И полковник меня не подвел. Ловко подведя ситуацию, когда нас осталось в подвале двое — большинство хозяйственников таскало различное барахло от склада до помещения, меньшинство наоборот и как бы тоже самое, просто еще не распакованное. Вот и были мы на чуть — чуть вдвоем.

А он сел лицом к спинке стула, по-кавалерийски, ткнул в рот «беломорину», предложил мне, откровенно удивился, когда я отказался, дескать, не курю. Уже в это время курящих, а еще пьющих, среди советских мужчин почти не было. Их нередко даже подозревали чуть ли не в шпионаже. И вообще говорили просто: «Не куришь, не пьешь, здоровенький помрешь». Ведь уже знали о вреде вредных привычек, а все равно курили и пили.

Впрочем, полковник быстро прошел через стадию удивления. Директивно сказал:

— Если мы не в строю, без излишнего официоза, можешь ко мне обращаться просто Викентий Александрович.

Он посмотрел на меня свысока, подчеркнул:

— Имей в виду, солдатам и сержантам я разрешаю обращаться только по званию. Ты очень редкое исключение. По сути, неформально я тебя приравнял к офицерам. Понял, какая честь?

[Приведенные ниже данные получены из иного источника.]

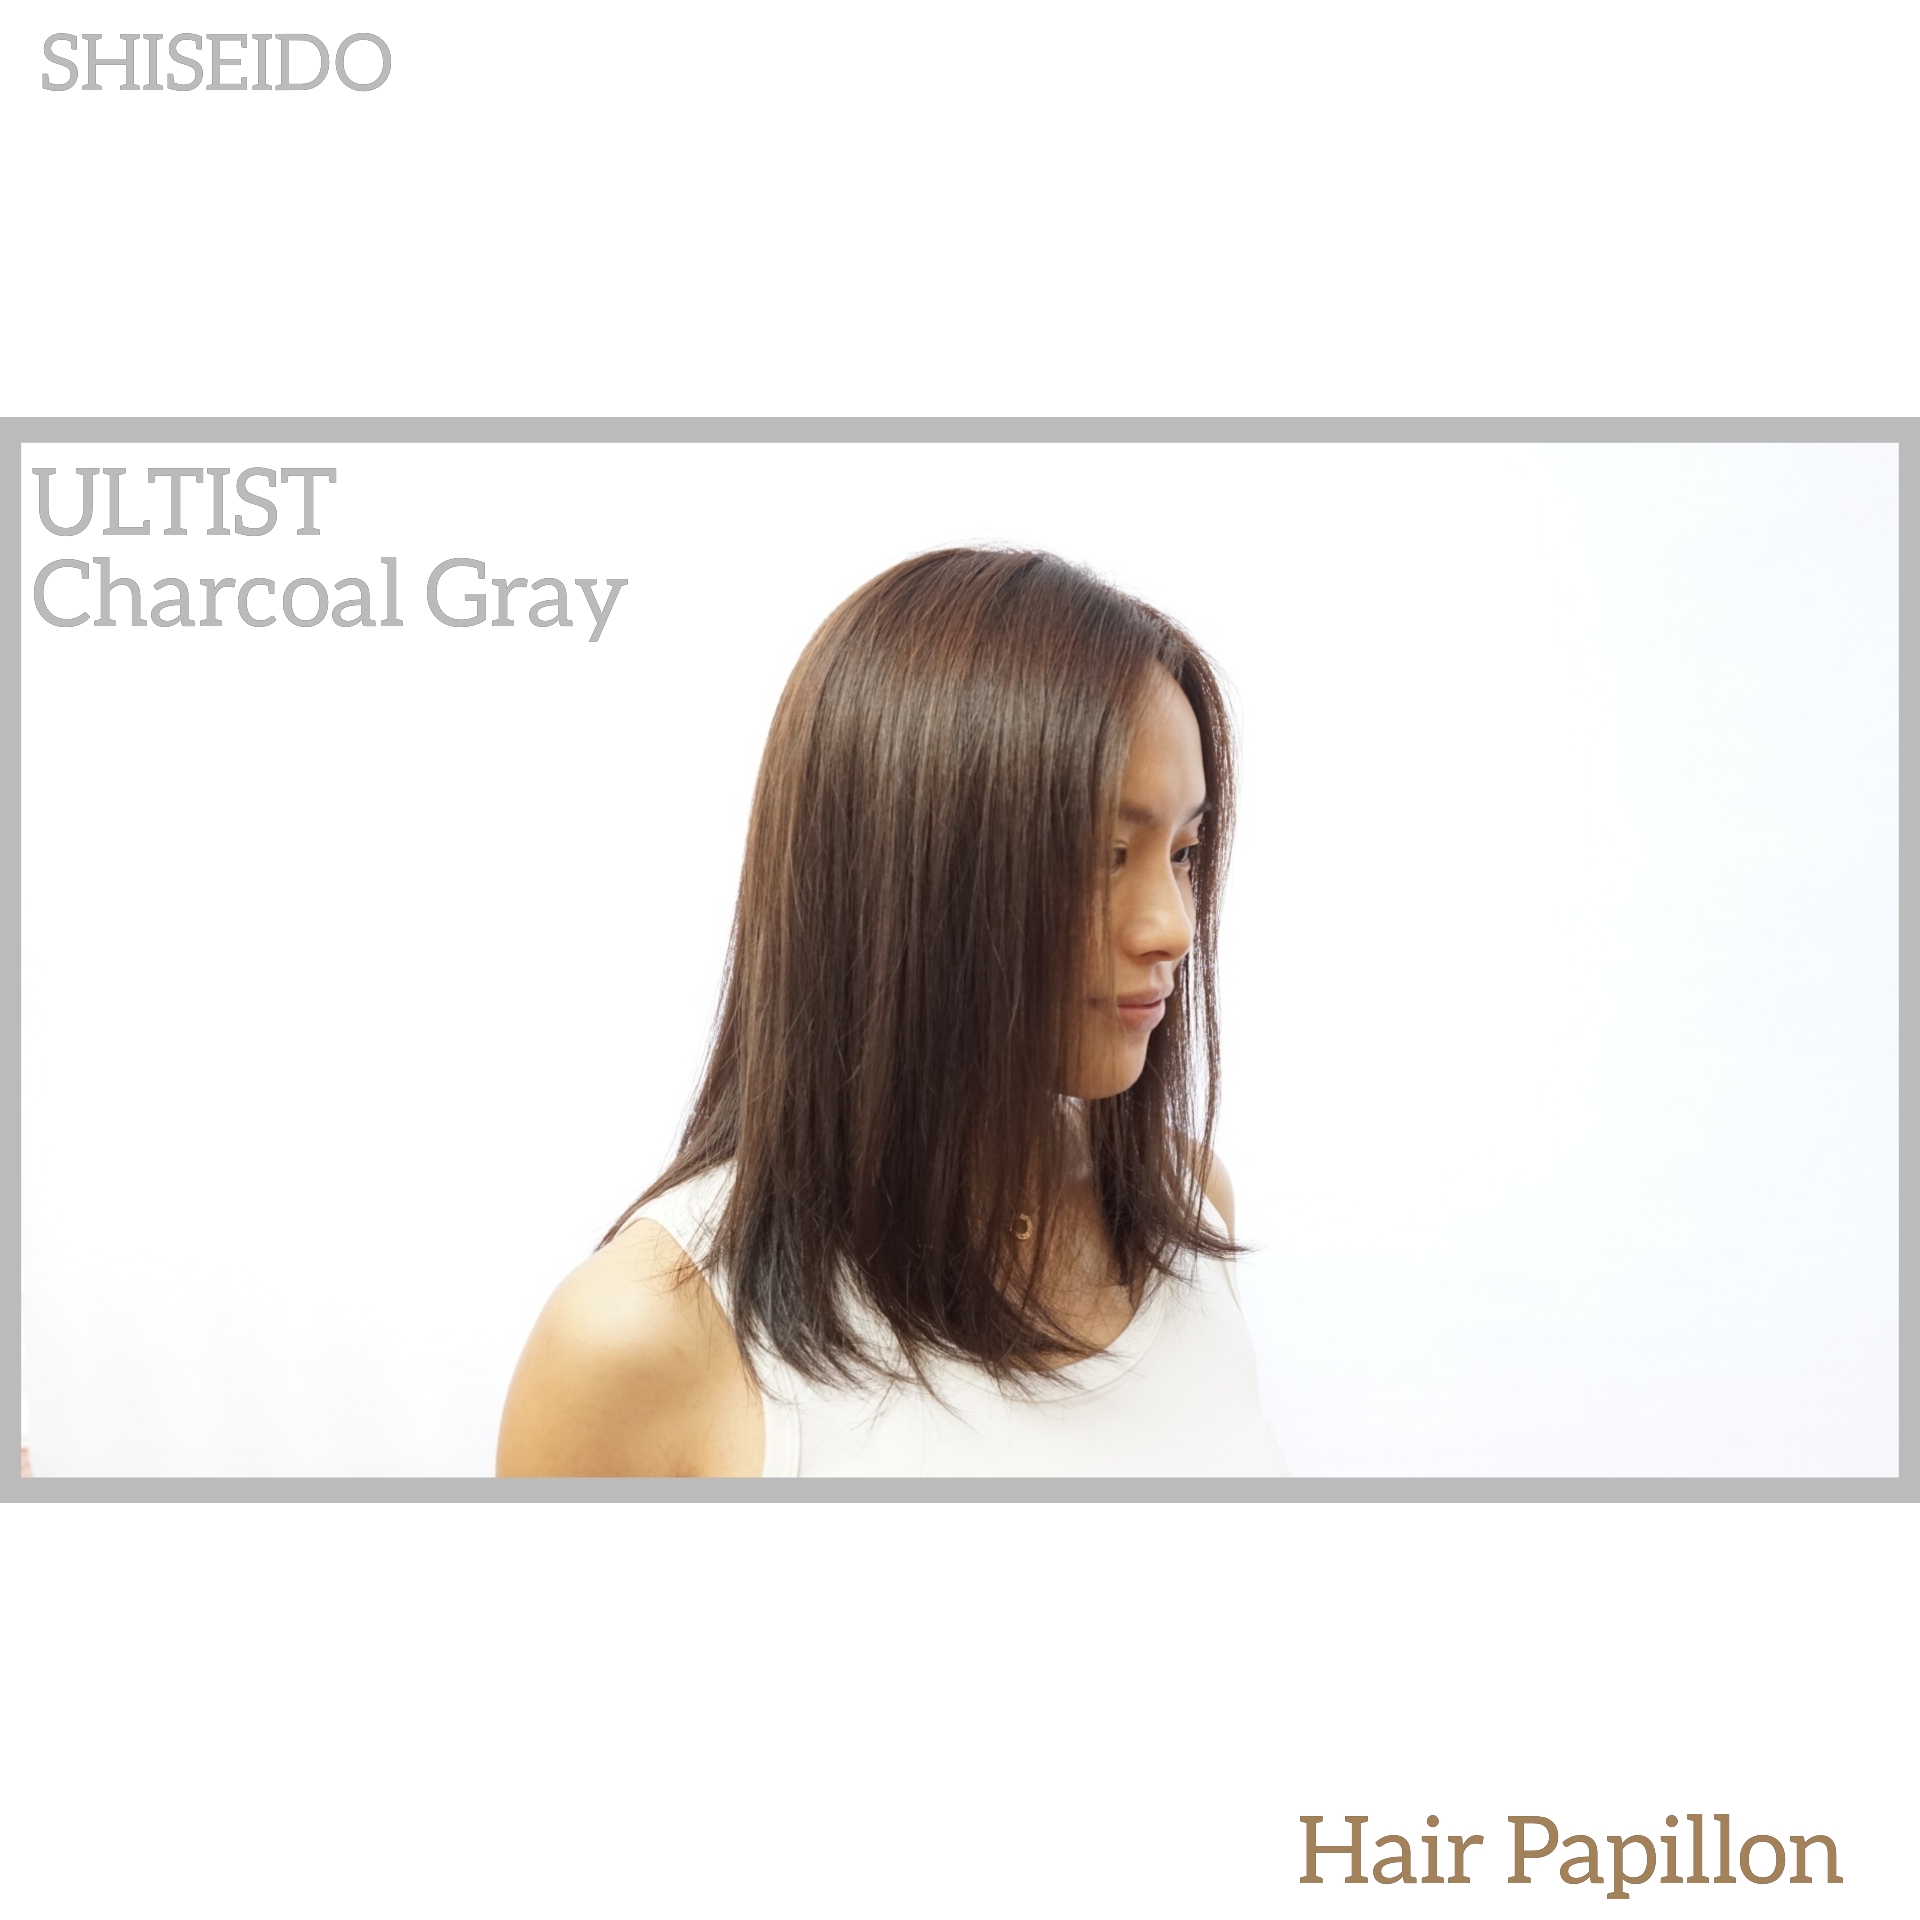 髮型作品参考:shiseido color CG

Да офигеть не встать, сколько лет я ждал! С другой стороны, в чужой монастырь со своим уставом не лезут. Как взрослый к взрослому степенно поблагодарил за высокую честь. Бог уж с ним!

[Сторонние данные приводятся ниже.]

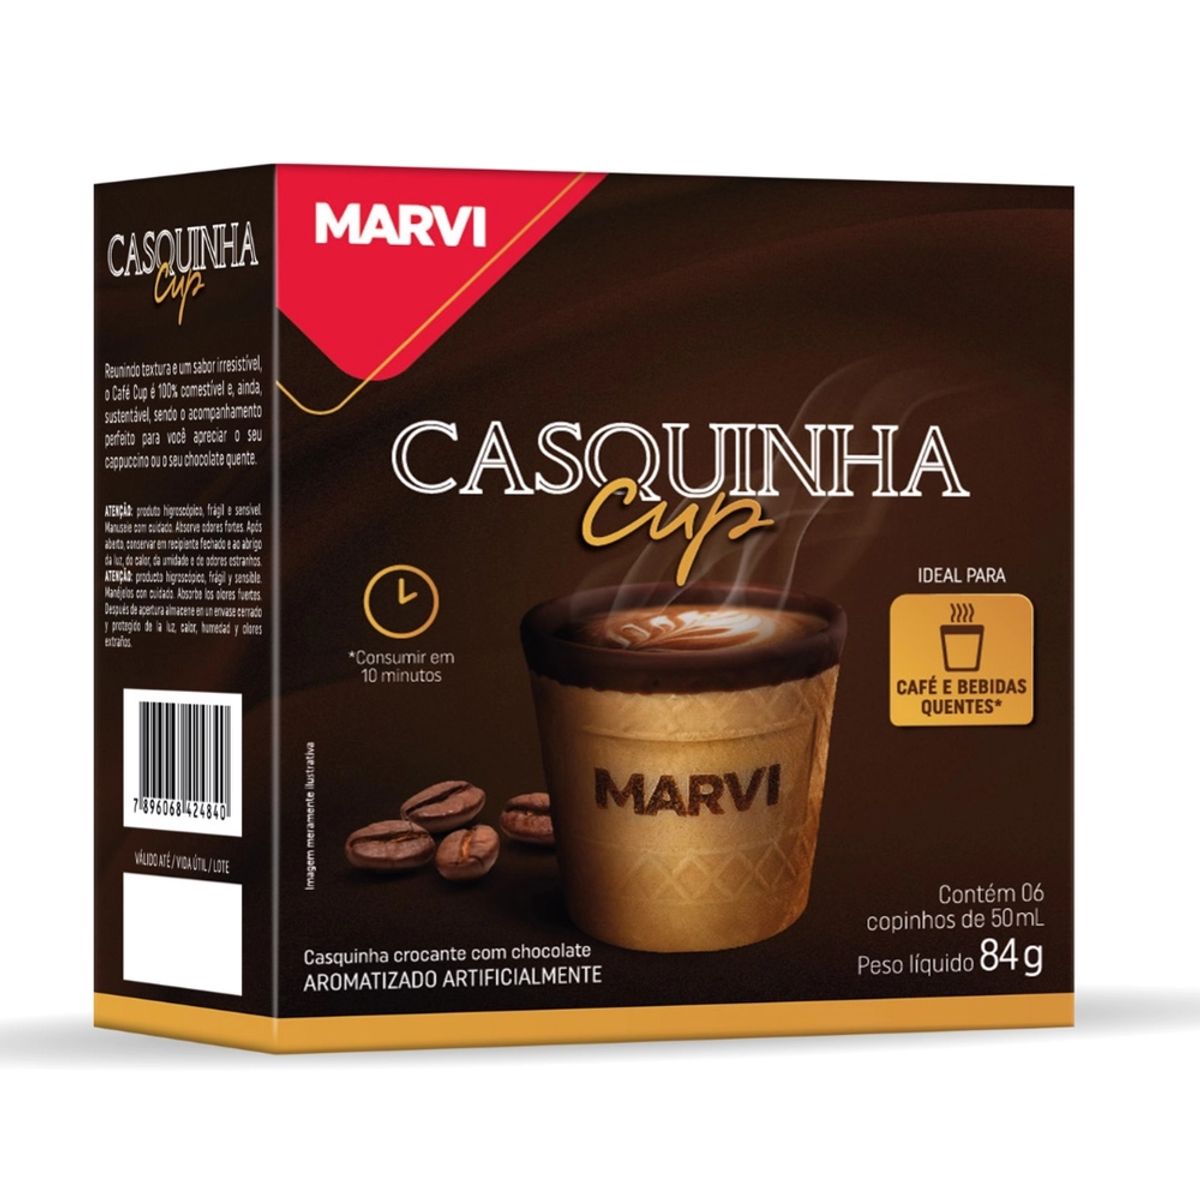 Casquinha Cup Marvi para Cafés e Bebidas Quentes 84g 6 Unidades de 50ml

— Это тебе первая плюшка за свои умения. И еще много чего будет. У меня, как ты понимаешь, возможности небольшие, но широкие. Так что работай, за мной не заржавеет.

Помолчал, как бы отдалил позитивную часть от негативной. Потом заговорил уже сердито и злобно:

— Давай, рассказывай, что у тебя случилось с Вероникой. Имей в виду, рассказывай честно и открыто, иначе наши свободные отношения, как начались, так и закончатся. Ну-у⁉

Вот ведь… отец. Что он там насочинял, мы за обедом впервые встретились! Ну, наш бег интима был быстрый, хотя и там, в основном, шевелилась только девица. В общем, получилось, как в кино: «Не виноватая я, он сам пришел». В данном случае лишь надо уточнять пол — виноватый я, а она сама пришла.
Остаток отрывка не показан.